▶ **WHAT TO DO**
Repeat the data exactly as given below, dropping every picture.

▶ **RECORDED INFORMATION**
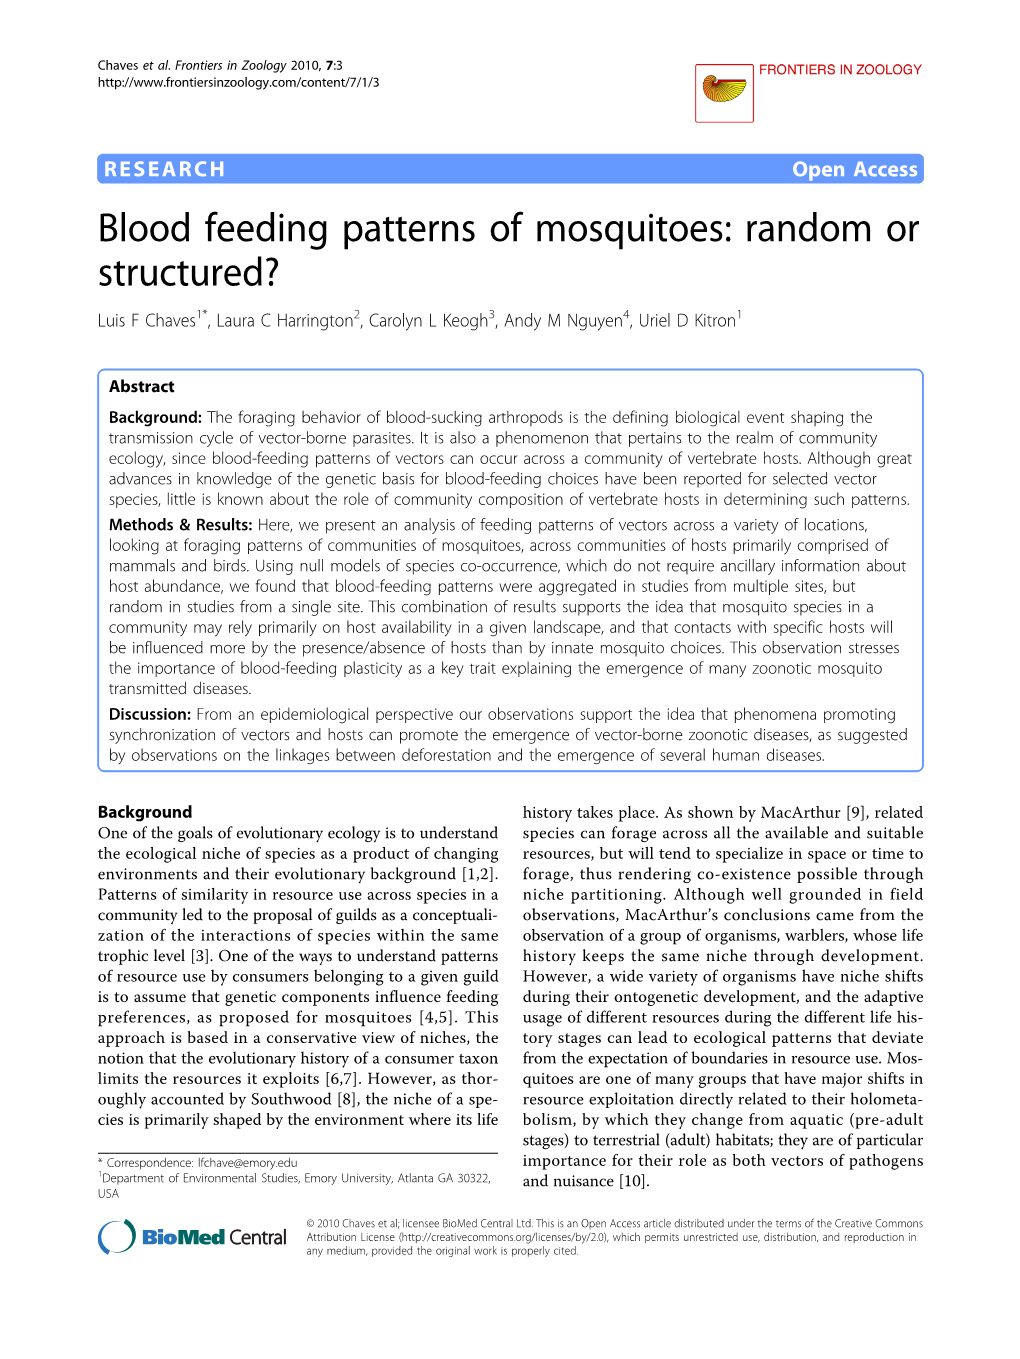 Blood Feeding Patterns of Mosquitoes: Random Or Structured? Luis F Chaves1*, Laura C Harrington2, Carolyn L Keogh3, Andy M Nguyen4, Uriel D Kitron1
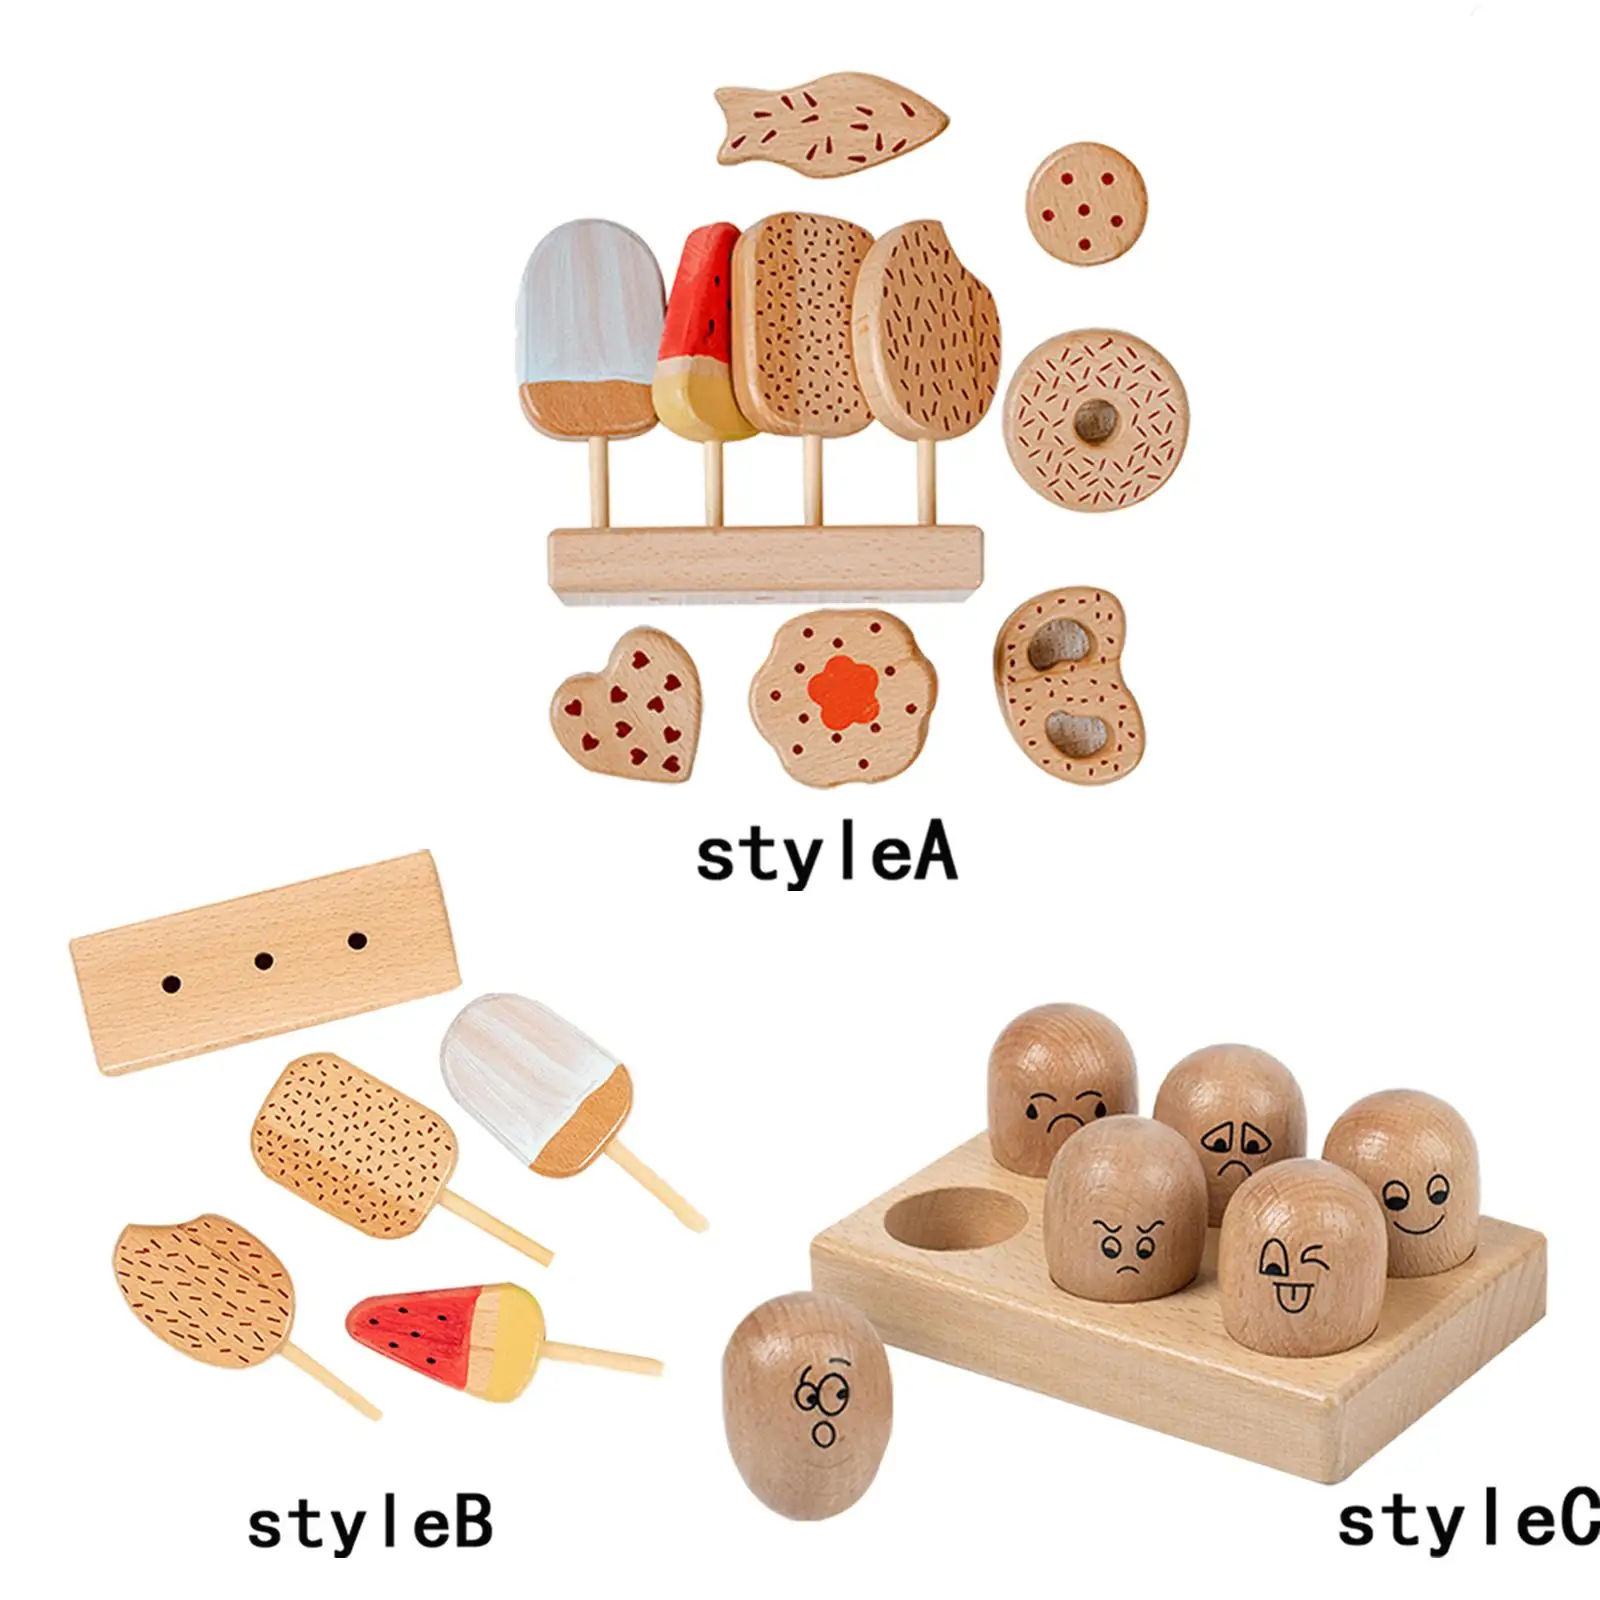 

Wooden Kitchen Food Toys Kitchen Playset Accessories Food Dessert Playset Role Play Cooking Toys for Toddlers Kids
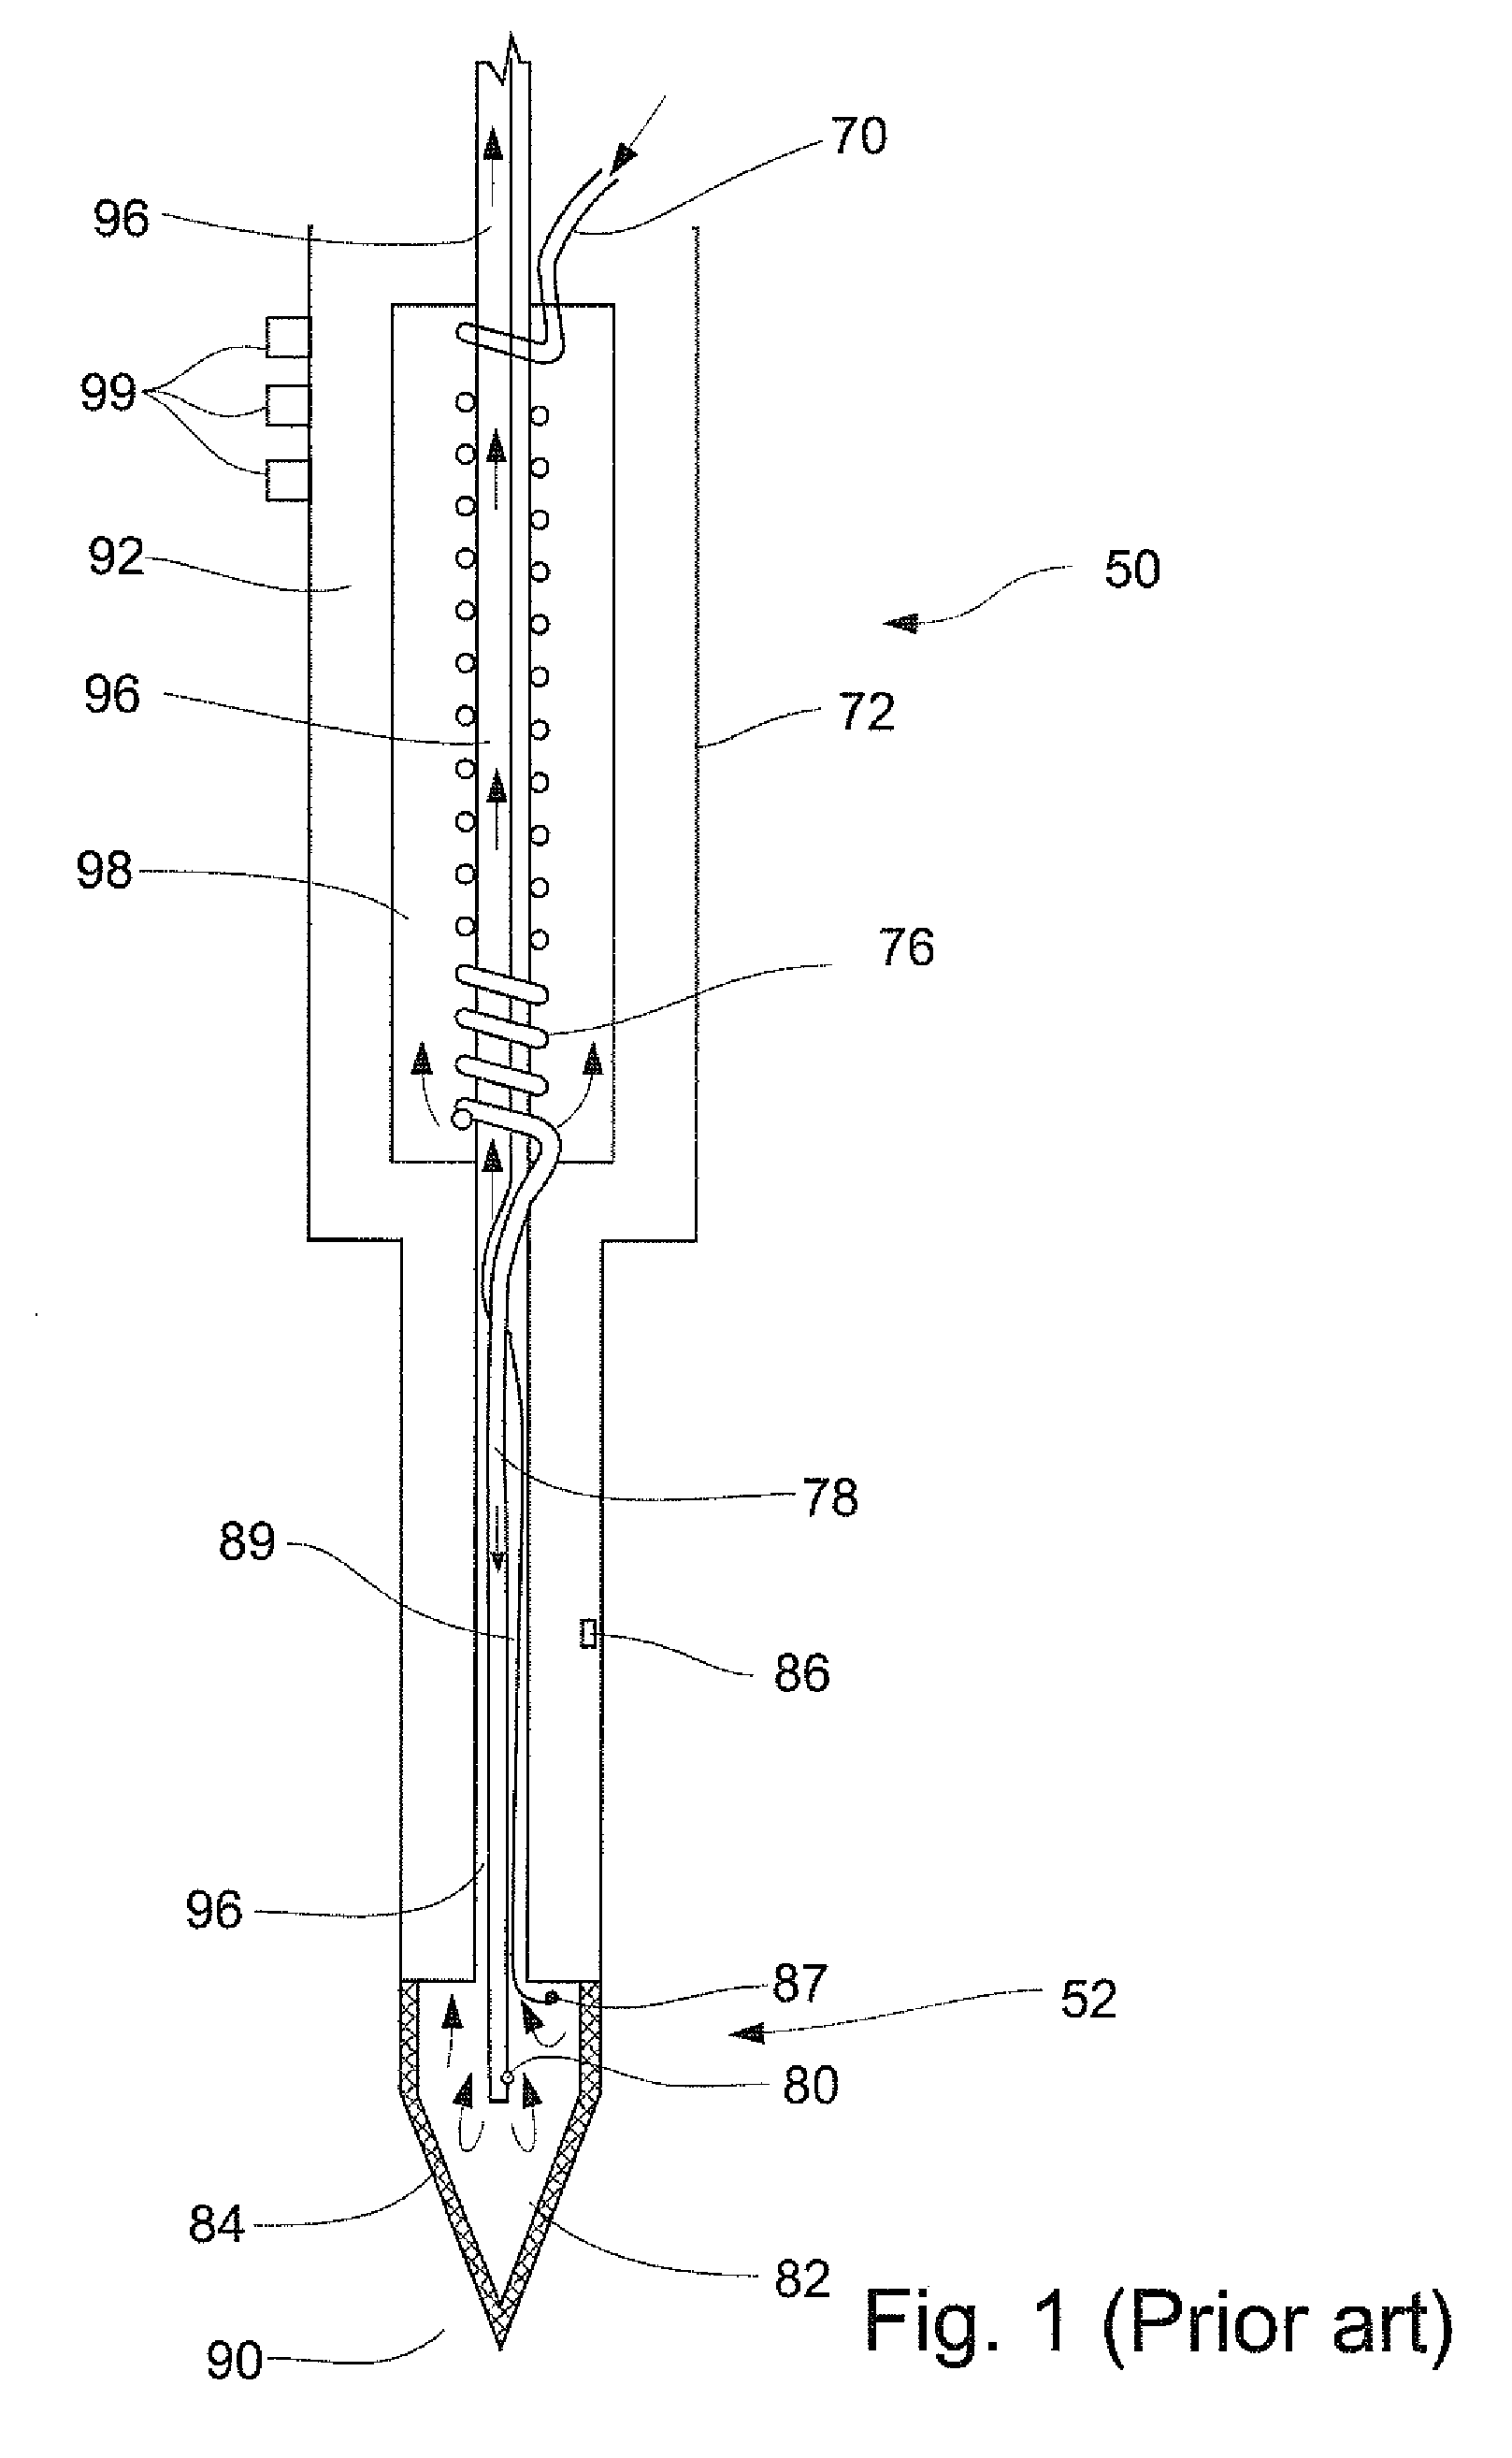 Apparatus and method for protecting tissues during cryoablation
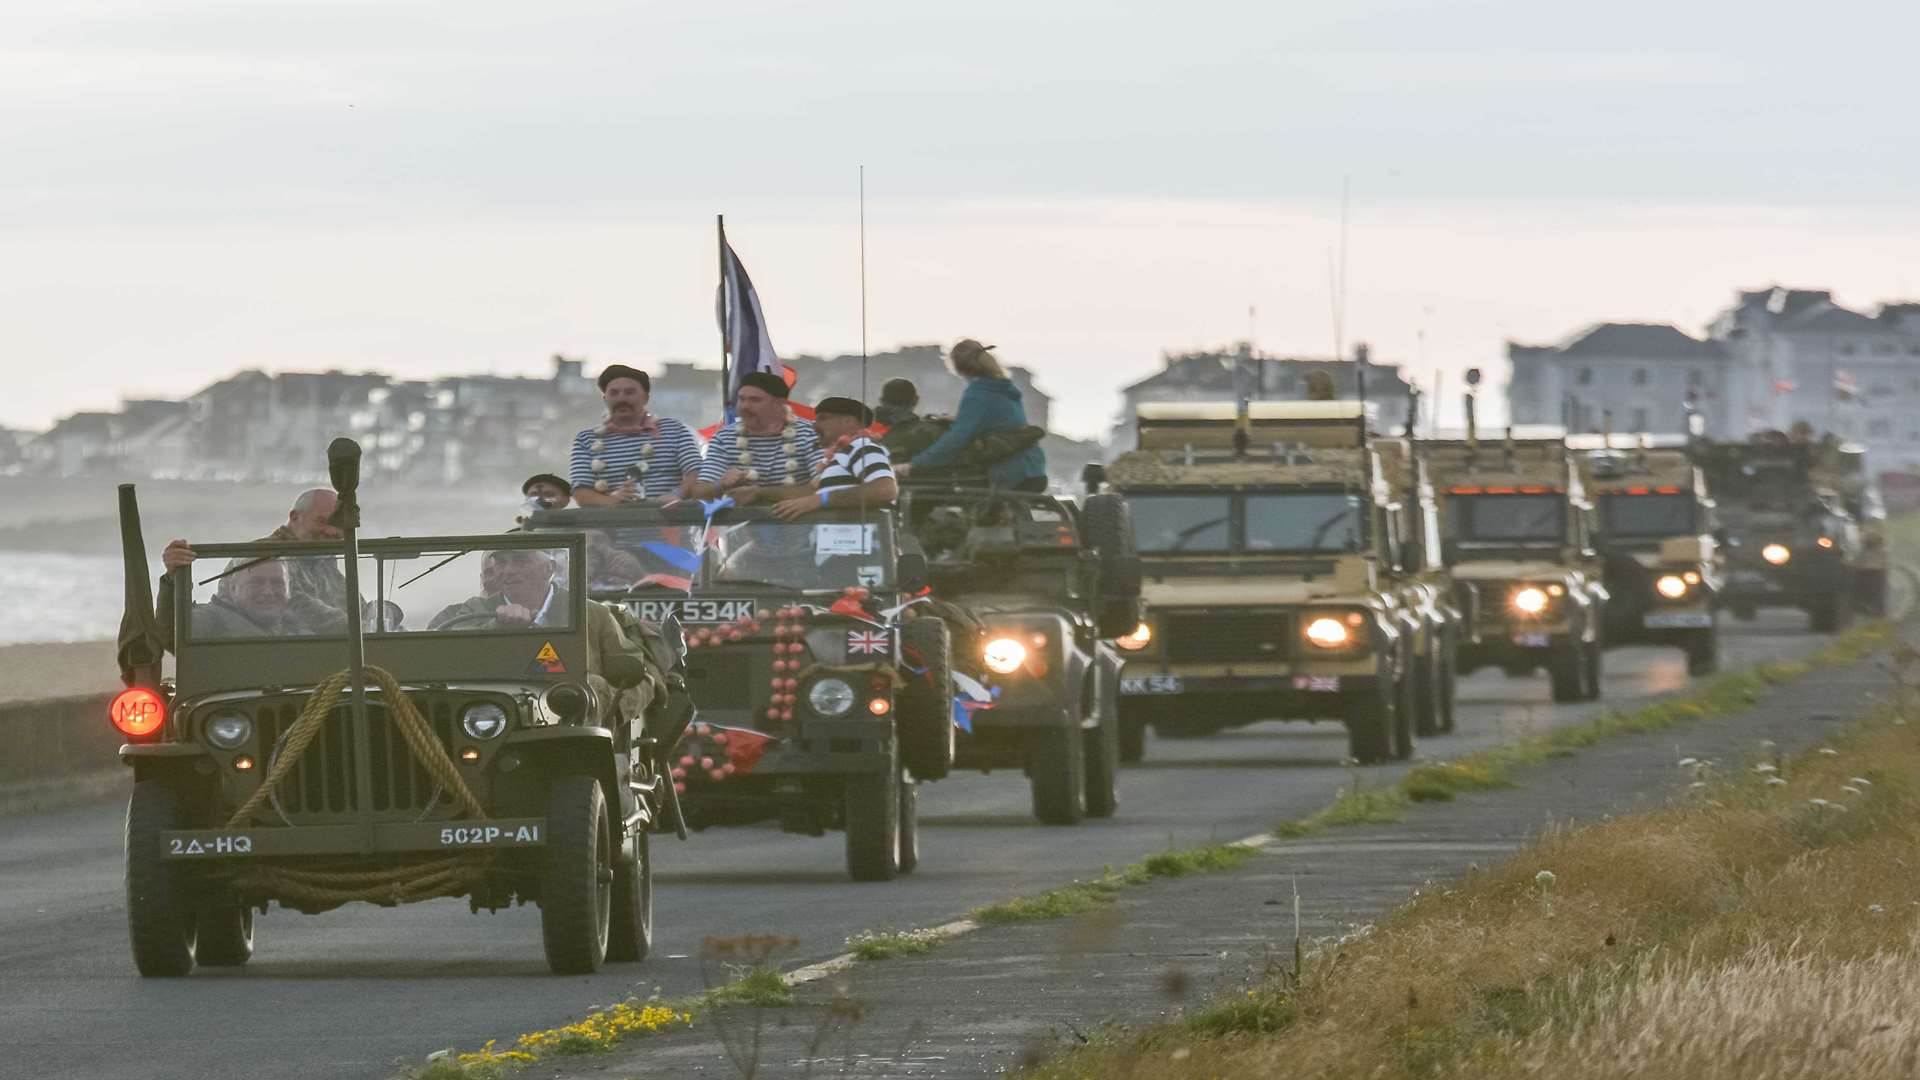 Vehicles on their way to the War and Peace Revival

▶ **ANSWER TO THIS EXERCISE**
 Blood Feeding Patterns of Mosquitoes: Random Or Structured? Luis F Chaves1*, Laura C Harrington2, Carolyn L Keogh3, Andy M Nguyen4, Uriel D Kitron1

Wooden Kitchen Food Toys Kitchen Playset Accessories Food Dessert Playset Role Play Cooking Toys for Toddlers Kids
 Apparatus and method for protecting tissues during cryoablation
 Vehicles on their way to the War and Peace Revival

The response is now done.